Several studies have documented the impact of the COVID-19 pandemic on insomnia, social jetlag, dream content, and symptoms of anxiety, and depression, with a meta-analysis confirming its large impact on sleep alterations and impaired sleep quality [[6], [7], [8], [9]]. In contrast, only a few studies have focused on the direct and indirect consequences of the COVID-19 pandemic on daytime functioning related to sleep problems [4,9]. This is surprising since sleep disturbance, fatigue, and hypersomnolence are increasingly recognized as public health concerns [[10], [11], [12]].

Hypersomnolence refers to a difficulty staying awake during the daytime, i.e. excessive daytime sleepiness (EDS) and/or increased need for sleep associated with daytime impairment [11,13]. Sleep duration exceeding 9 h per night in adults is generally considered as long sleep. Excessive quantity of sleep (EQS) as ≥ 9 h night sleep is associated with problems with impaired vigilance or daytime functioning [14]. Excessive need for sleep indicates as a total sleep duration of at least 10 h per 24 h period and at least 9 h nocturnal sleep with impaired vigilance [13].

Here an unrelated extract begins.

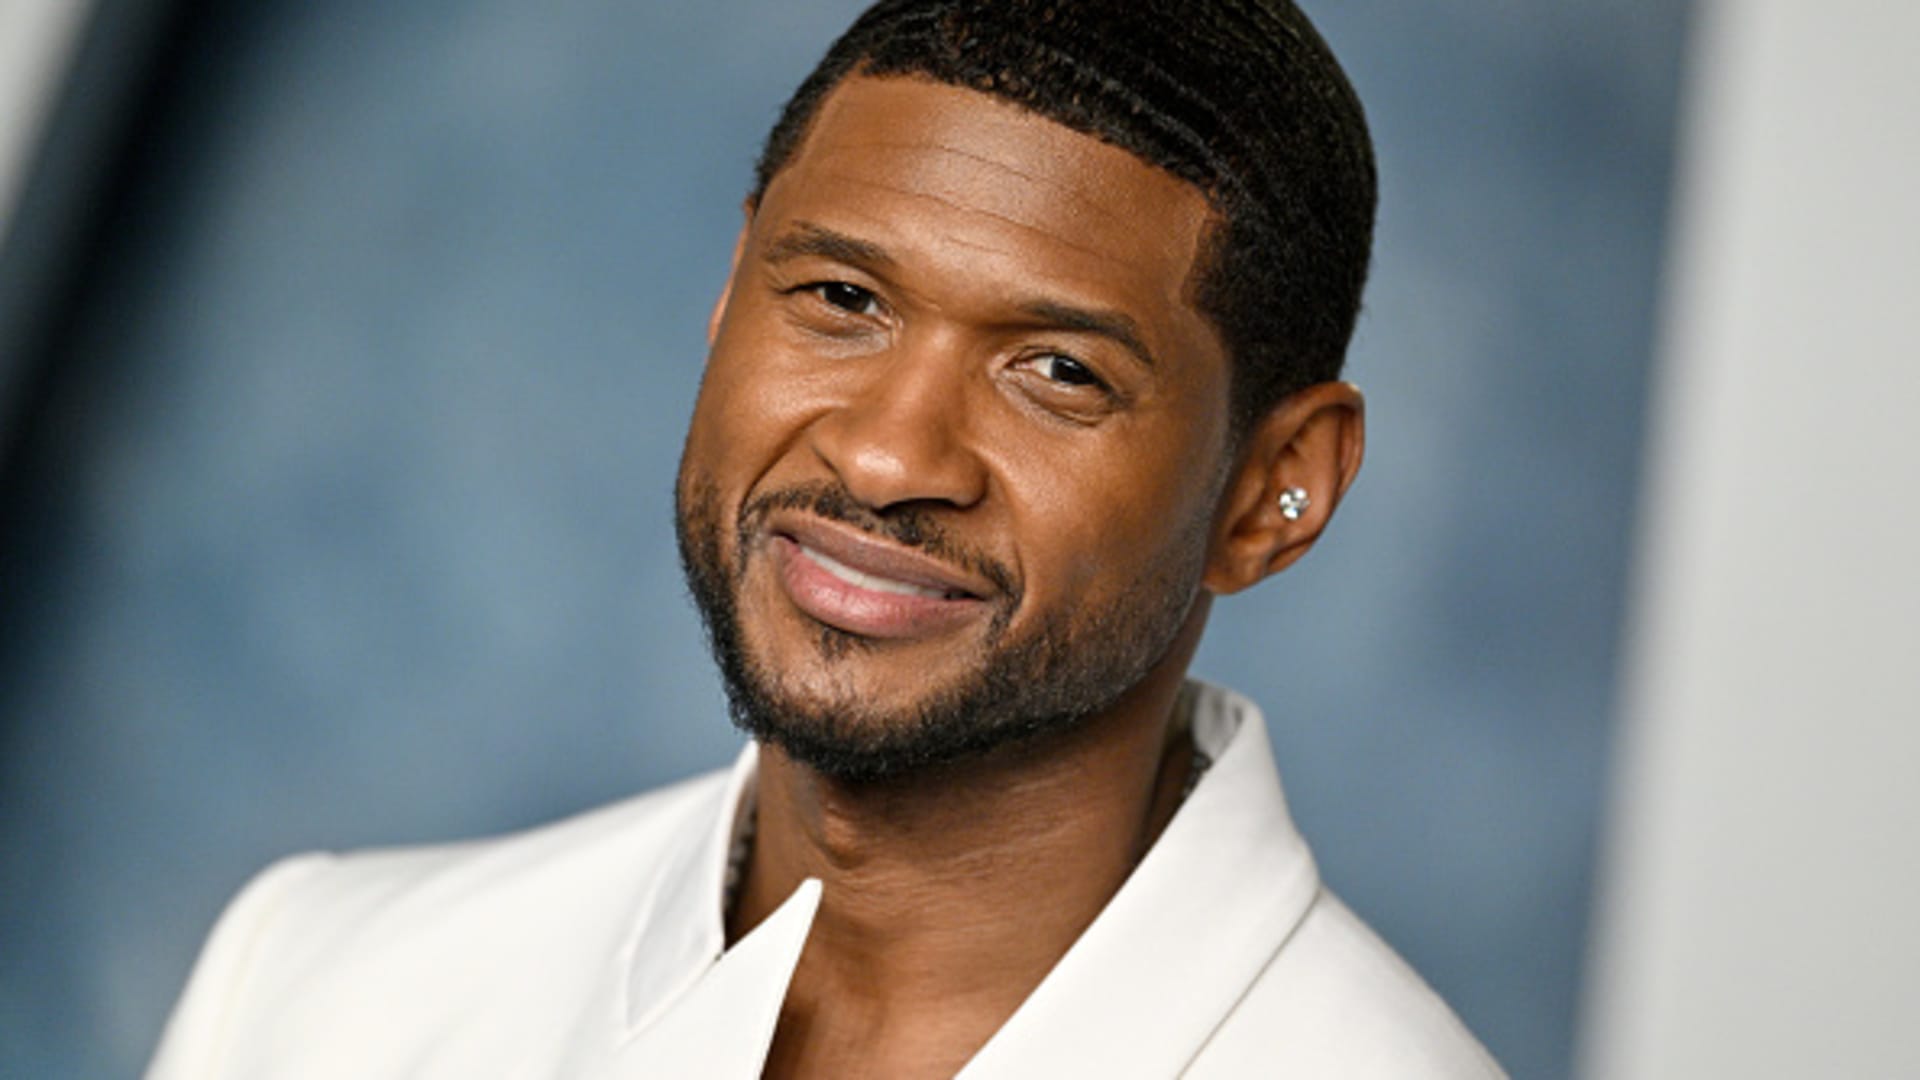 Usher on his child’s Type 1 diagnosis, early detection and risk [Video]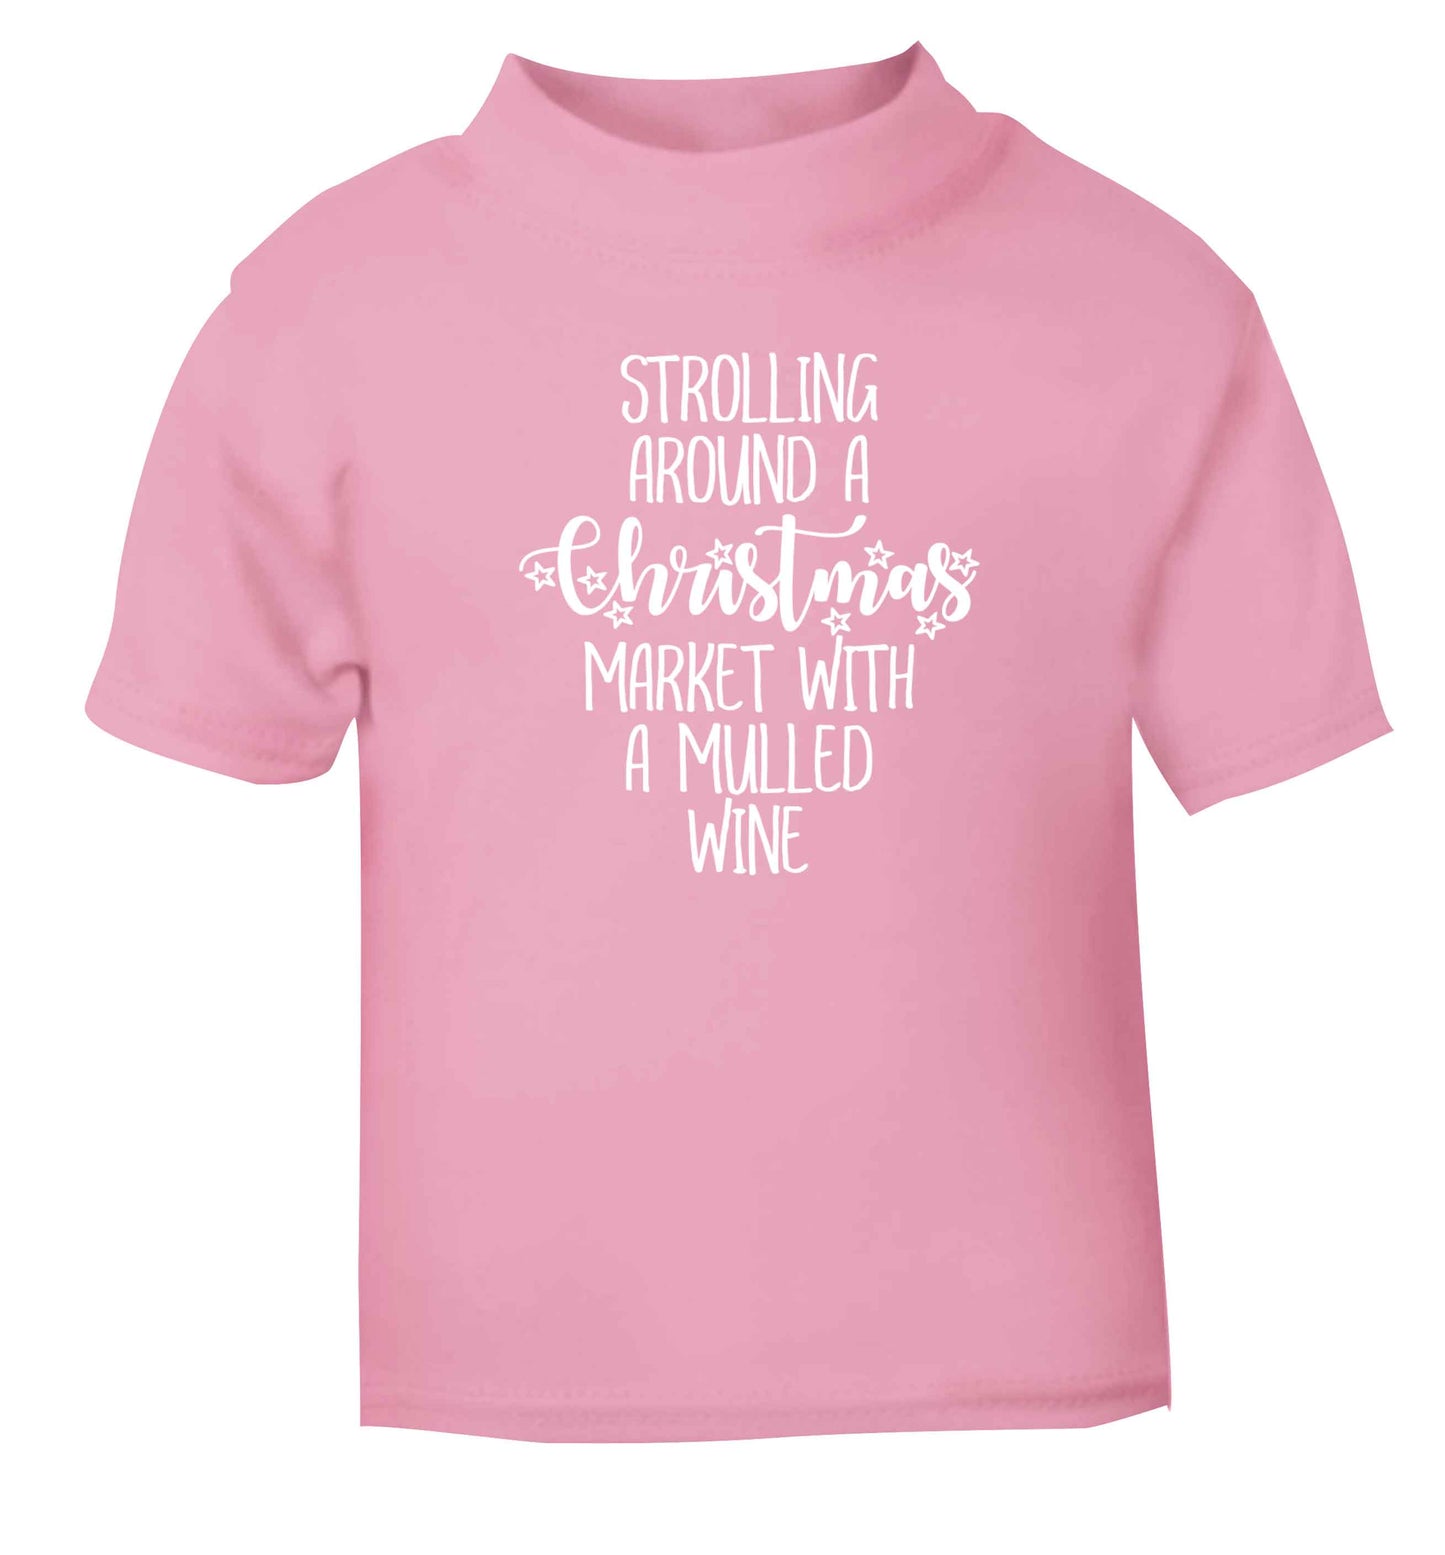 Strolling around a Christmas market with mulled wine light pink Baby Toddler Tshirt 2 Years

The clinical presentation of hypersomnolence may vary greatly from one subject to another as well as for the same subject with time, in terms of frequency, severity, cause, and consequence [11]. Separating the frequency from the intensity of EDS can be challenging; however several questionnaires have assessed these different markers of the severity of hypersomnolence in the general population [15,16]. The reported prevalence of EDS is wide-ranging, from 2.5% to 33% in the general population [11], with a worsening in 16% of cases in the context of the COVID-19 pandemic [4]. Risk factors and causes of such an increase remain unclear. EDS may be the consequence of behavioural issues leading to insufficient or disrupted sleep, sleep and circadian disorders, other medical or psychiatric disorders/diseases, or side effects of medications. Additionally, EDS can be comorbid with long sleep and also with taking several long naps during daytime [11]. EQS is also frequent in the general population, with a reported prevalence of 8.4% and 1.6% when associated with distress or impairment in daytime functioning [14]. EQS is frequently associated with poor health status, including depression, diabetes, hypertension, obstructive sleep apnea, obesity, inflammation, and sometime also direct damage to wake-promoting neural networks [17]. Hypersomnolence may also be associated with daytime fatigue defined as an overwhelming sense of tiredness, lack of energy, and a feeling of exhaustion, associated with impaired physical and/or cognitive functioning [14]. The different components of hypersomnolence and their relationships with fatigue remain underexplored in the context of the COVID-19 pandemic.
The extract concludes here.